A fact about alternating tensors over rings with enough units

Let R be a commutative ring in which k! is a unit, and let M be an (R,R)-bimodule such that latex rm = mr$. Recall that \mathcal{A}^k(M) is the set of all tensors in \mathcal{T}^k(M) having two consecutive entries equal, and \mathsf{Alt}(z) = \sum_{\sigma \in S_k} \epsilon(\sigma)\sigma z, where S_k acts on \mathcal{T}^k(M) by permuting entries.

Prove that z - (1/k!) \mathsf{Alt}(z) = (1/k!) \sum_{\sigma \in S_n} (z - \epsilon(\sigma)\sigma z) for all z \in \mathcal{T}^k(M). Use this to prove that \mathsf{ker}\ \frac{1}{k!} \mathsf{Alt} = \mathcal{A}^k(M).

Let z \in \mathcal{T}^k(M). We have z - \frac{1}{k!} \mathsf{Alt}(z) = z - \frac{1}{k!} \sum_{\sigma \in S_k} \epsilon(\sigma)\sigma z = \frac{1}{k!}(k!z - \sum_{\sigma \in S_k} \epsilon(\sigma)\sigma z) = \frac{1}{k!}(\sum_{\sigma \in S_k} z - \sum_{\sigma \in S_k} \epsilon(\sigma)\sigma z) = \frac{1}{k!}(\sum z - \epsilon(\sigma)\sigma z), as desired.

Suppose z \in \mathcal{A}^k(M); say the i and i+1 components of z are equal. Note that \sigma z = \sigma (1\ i+1) z, and in particular \epsilon(\sigma)\sigma z + \epsilon(\sigma(i\ i+1)) \sigma (i\ i+1) z = 0. In the equation \mathsf{Alt}(z) = \sum_{\sigma \in S_k} \epsilon(\sigma)\sigma z, we can break up the right hand side as a summation over the cosets of \langle (i\ i+1) \rangle, each of which is 0. Thus \frac{1}{k!}\mathsf{Alt}(z) = 0, and we have \mathcal{A}^k(M) \subseteq \mathsf{ker}\ \frac{1}{k!}\mathsf{Alt}.

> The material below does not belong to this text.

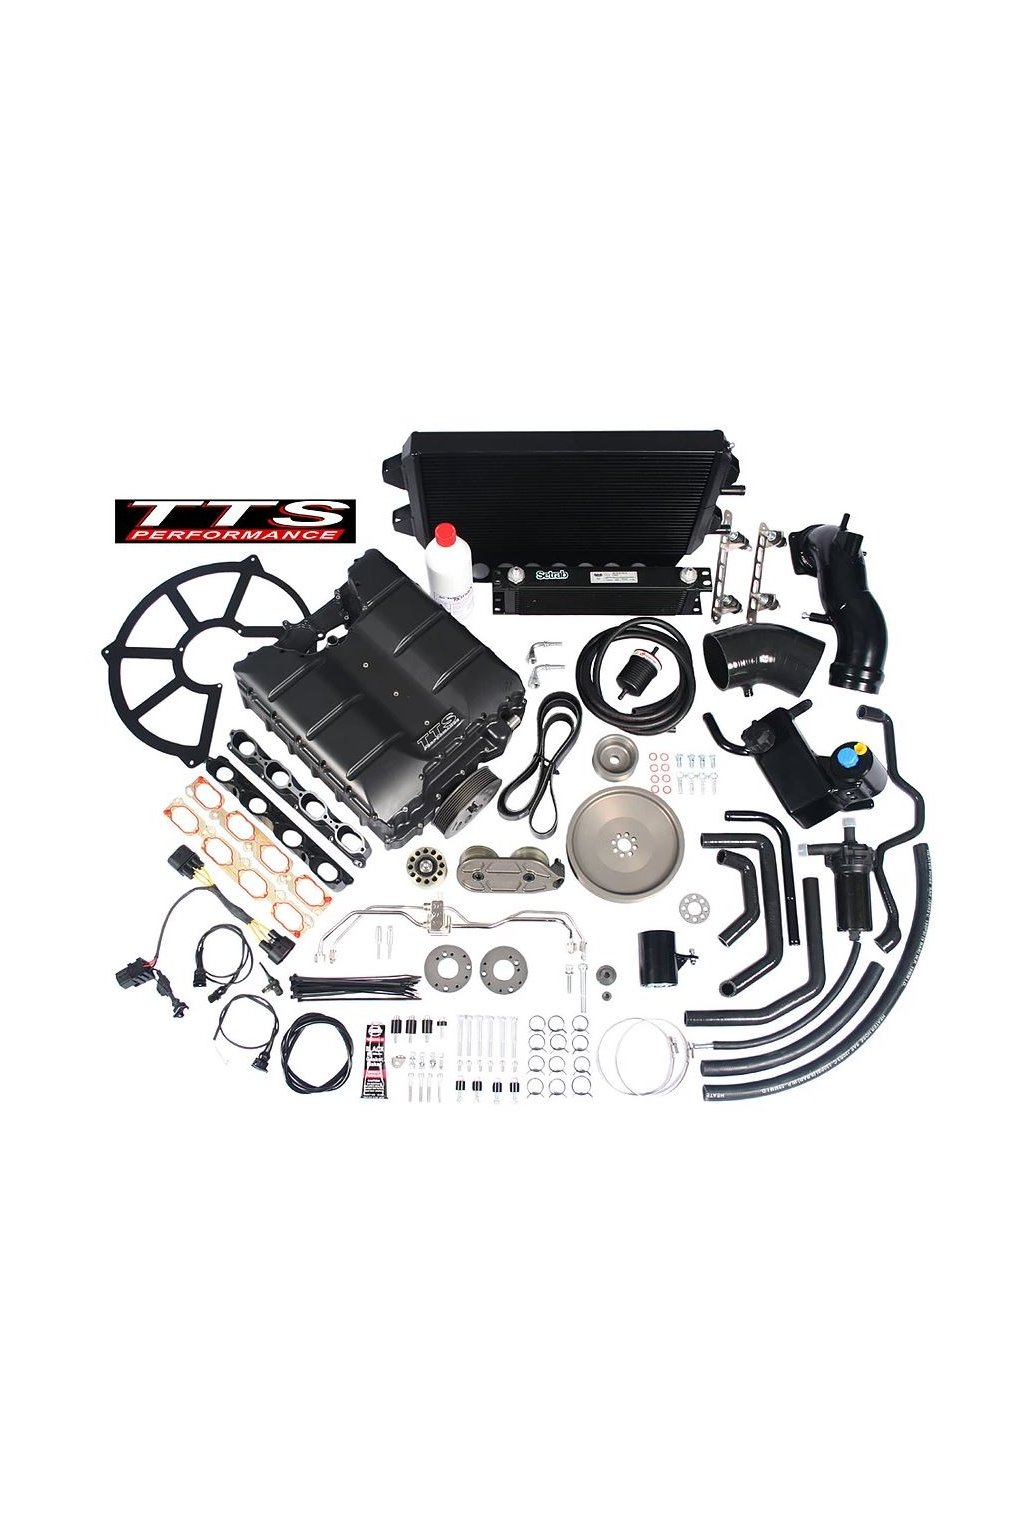 TTS Performance  Audi B7 RS4 4.2 FSI V8 Kompresor kit

Now suppose z \in \mathsf{ker}\ \frac{1}{k!} \mathsf{Alt}. From the equality proved above, we have \frac{1}{k!} \sum_{\sigma \in S_k} (z - \epsilon(\sigma)\sigma z) = z. Note that z - \epsilon(\sigma)\sigma z \in \mathcal{A}^k(M) for each \sigma. (It suffices to notice this is true for adjacent transpositions- i.e. \sigma = (i\ i+1).) Thus z \in \mathcal{A}^k(M).

So \mathsf{ker}\ \frac{1}{k!} \mathsf{Alt} = \mathcal{A}^k(M).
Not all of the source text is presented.